Friday, January 9, 2015

What I'm Reading Now

Just Mercy: A Story of Justice and Redemption by Brian Stevenson
Finished this yesterday. A timely book exposing unjust sentencing of the poor, children, mentally ill, and African Americans.The background story follows Bryan Stevenson as part of the Equal Justice Initiative as he uncovers and presents new evidence to free an innocent African American man on death row in Georgia, convicted in spite of multiple witnesses that he was at home during the time of the murder and evidence that the main witness for the prosecution lied in response to police intimidation.
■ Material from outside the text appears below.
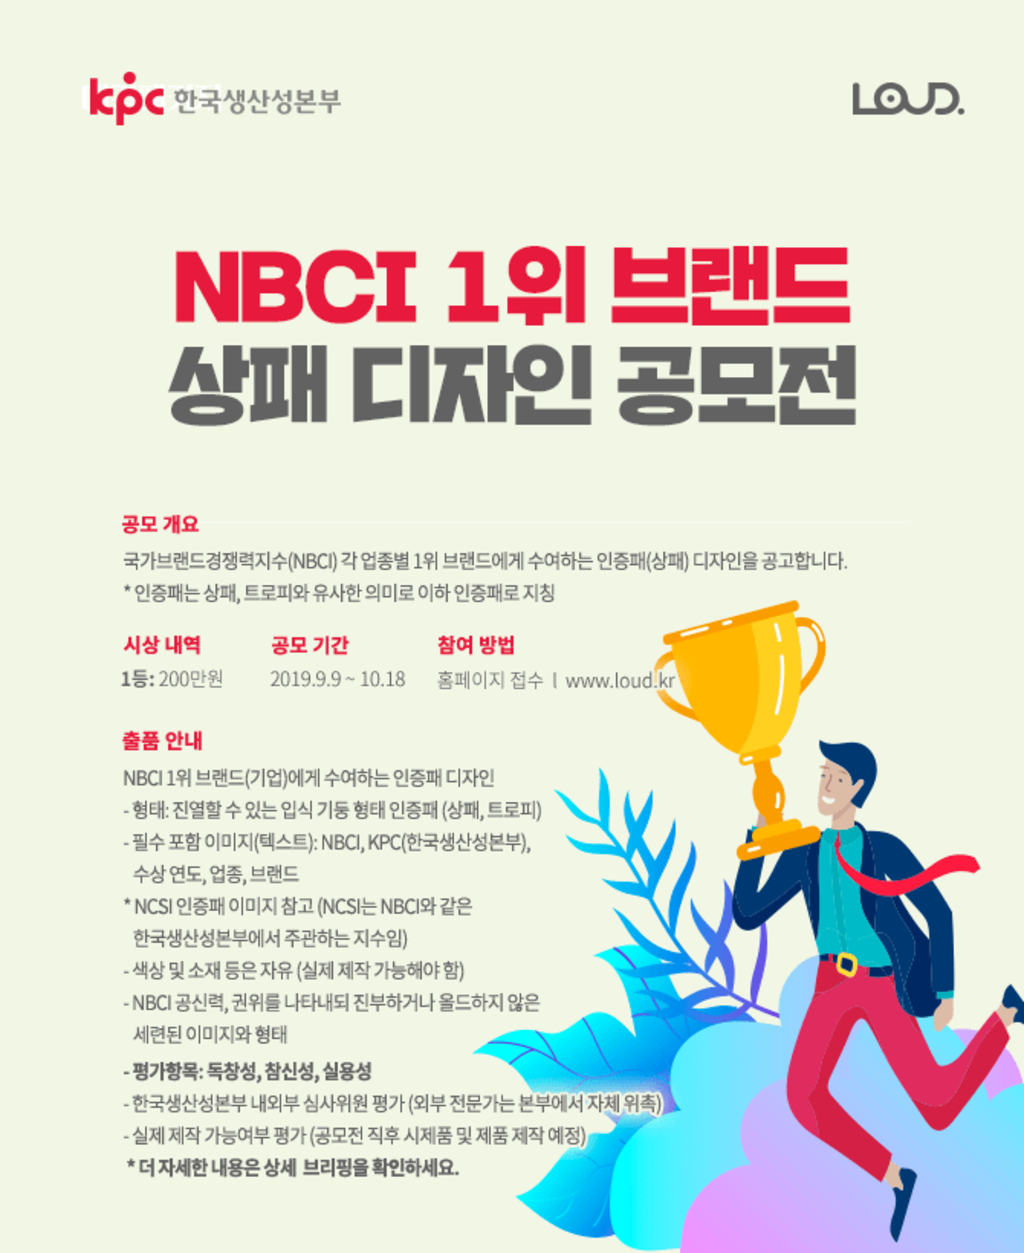 한국생산성본부 NBCI 1위 브랜드 상패 디자인공모전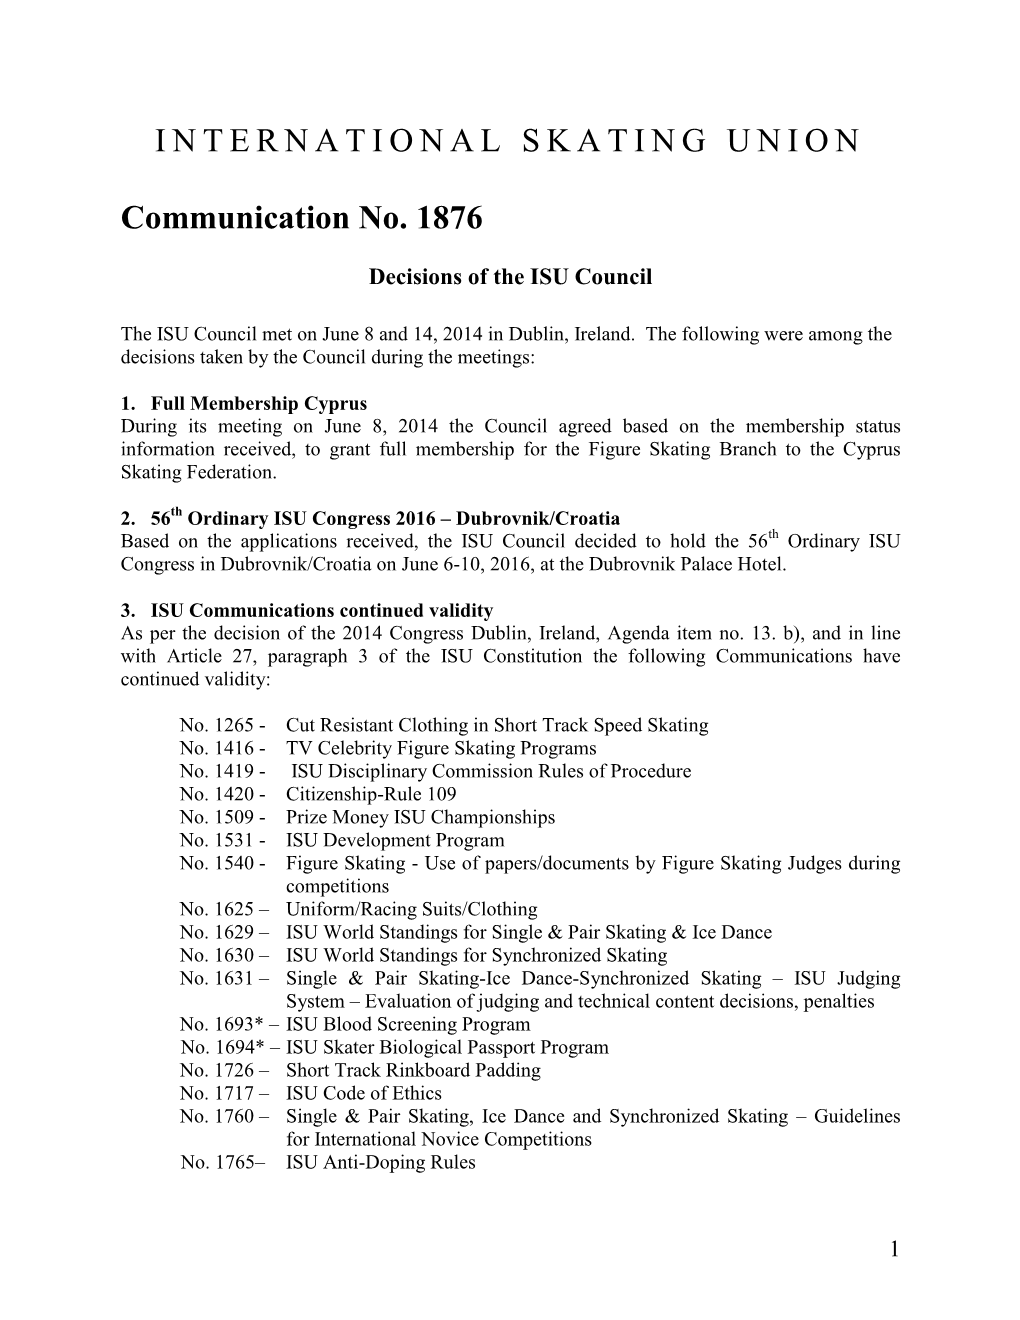 ISU Communication 1876

In the course of telling this story, Stevenson tells his own story and attempts to free or reduce sentences for those unjustly accused or sentenced: a 13-year-old boy convicted to life without parole in an adult prison who lived in uninterrupted solitary confinement for 18 years, and a woman living in a FEMA trailer as a result of Hurricane Katrina sentenced to life without parole for smothering her premature stillborn based on the allegation of a pathologist who had a history of declaring homicides without sufficient evidence. "By 2010, Florida has sentenced more than a hundred children to life imprisonment with parole for non-homicide offenses, several ...thirteen years old..All of the youngest condemned children--13 or 14 of age---were black or Latino." p. 153-4 "Most incarcerated women--nearly two-thirds--are in prison for non-violent, low-level drug crimes or property crimes...Approximately 75-80% of incarcerated women are mothers with minor children." p. 236 "In 1996, Congress passed welfare reform legislation that ...included a provision that authorized states to ban people with drug convictions from public benefits and welfare...formerly incarcerated women with children...can no longer live in public housing, receive food stamps, or access basic services. In the last twenty years, we've created a new class of 'untouchables' in American society, made up of our most vulnerable mothers and their children." p. 237 Along the way, Stevenson advocates for reform of the criminal justice system and pleads for  mercy: "the many ways we've legalized vengeful and cruel punishments, how we've allowed our victimization to justify the victimization of others. We've submitted to the harsh instinct to crush those among us whose brokenness is most visible." "...each of us is more than the worst thing we've ever done."p. 290
"Older people of color in the South would occasionally come up to me after speeches to complain about how antagonized they feel when they hear news commentators talking about how we were dealing with domestic terrorism for the first time in the United States after the 9/11 attacks. An older African American man once said to me, 'You make them stop saying that! We grew up with terrorism all the time. The police, the Klan, anybody who was white could terrorize you. We had to worry about bombings and lynchings, racial violence of all kinds.' " p. 299
Upon closing the book, I thought of Micah 6:8:
"God has shown you, O mortal, what is good. And what does the LORD require of you? To act justly and to love mercy and to walk humbly with your God."
Thanks, Eleanor, for lending me this book.
Wonder by R.J. Palacio
A well-written young adult novel about a boy with a facial deformity finding friendship in spite of middle school bullies. Reading this for book club and the discussion will make reading it worthwhile.
Small Victories by Anne Lamott
Her usual black humor based on her own life experiences.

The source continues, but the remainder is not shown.